XAIQA: Explainer-Based Data Augmentation for Extractive Question Answering
This work addresses the need for scalable, high-quality data to build extractive QA systems for physicians and researchers querying medical records, though it is incremental as it builds on existing explainer and transformer methods.
The paper tackled the problem of generating synthetic question-answering pairs for extractive QA in medical records, which typically requires expert annotations, by introducing XAIQA, a method that uses classification model explainers to create QA pairs from electronic health records. The result showed that XAIQA identified 2.2 times more semantic matches and 3.8 times more clinical abbreviations than popular sentence transformer approaches in expert evaluations, and improved GPT-4's performance on difficult questions in ML evaluations.

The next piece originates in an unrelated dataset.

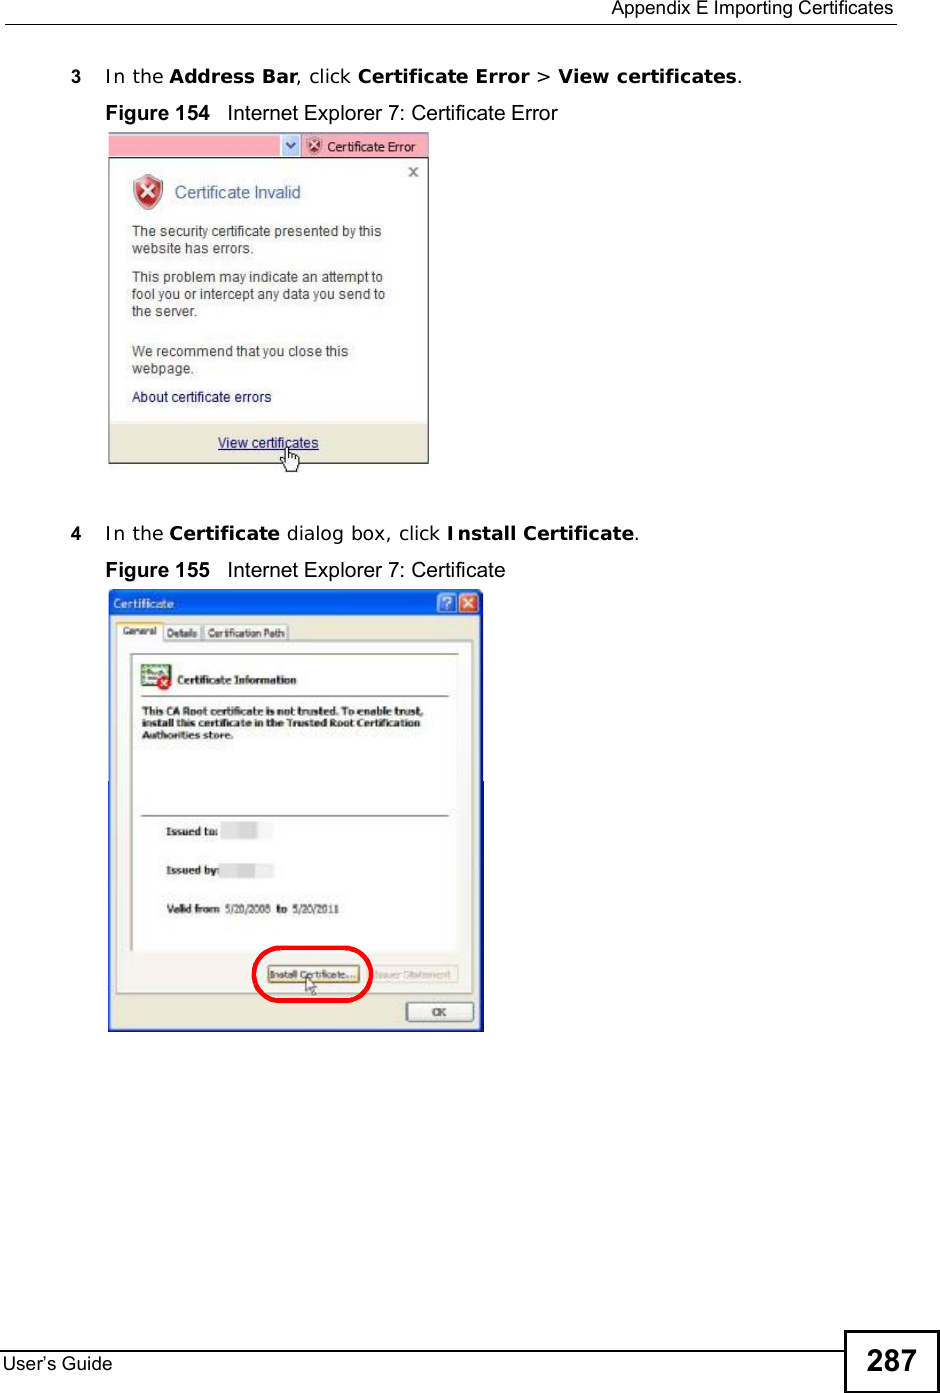  Appendix EImporting CertificatesUser s Guide 2873In the Address Bar, click Certificate Error &gt; View certificates.Figure 154   Internet Explorer 7: Certificate Error4In the Certificate dialog box, click Install Certificate.Figure 155   Internet Explorer 7: Certificate
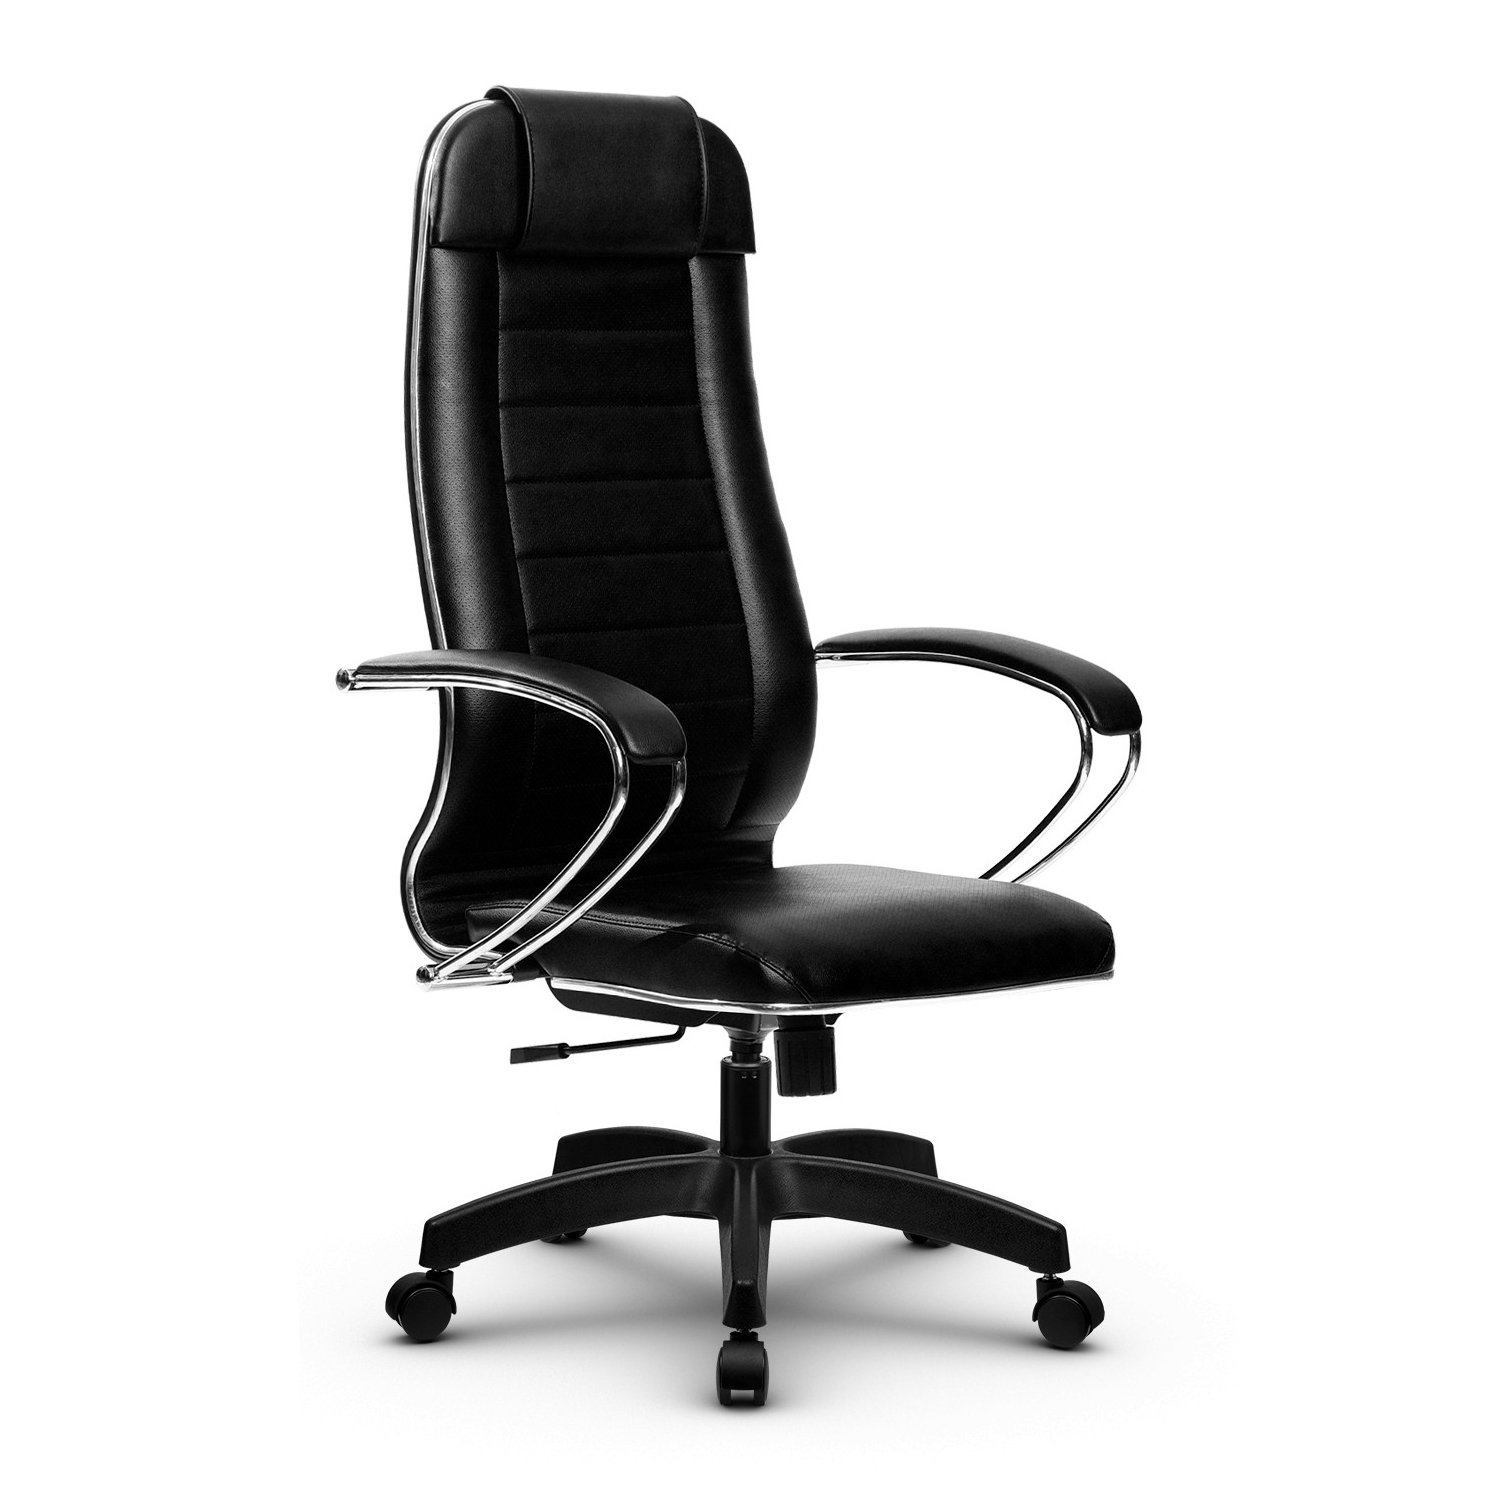 Кресло м 903 софт pl moderno 02 серый

Extractive question answering (QA) systems can enable physicians and researchers to query medical records, a foundational capability for designing clinical studies and understanding patient medical history. However, building these systems typically requires expert-annotated QA pairs. Large language models (LLMs), which can perform extractive QA, depend on high quality data in their prompts, specialized for the application domain. We introduce a novel approach, XAIQA, for generating synthetic QA pairs at scale from data naturally available in electronic health records. Our method uses the idea of a classification model explainer to generate questions and answers about medical concepts corresponding to medical codes. In an expert evaluation with two physicians, our method identifies $2.2\times$ more semantic matches and $3.8\times$ more clinical abbreviations than two popular approaches that use sentence transformers to create QA pairs. In an ML evaluation, adding our QA pairs improves performance of GPT-4 as an extractive QA model, including on difficult questions. In both the expert and ML evaluations, we examine trade-offs between our method and sentence transformers for QA pair generation depending on question difficulty.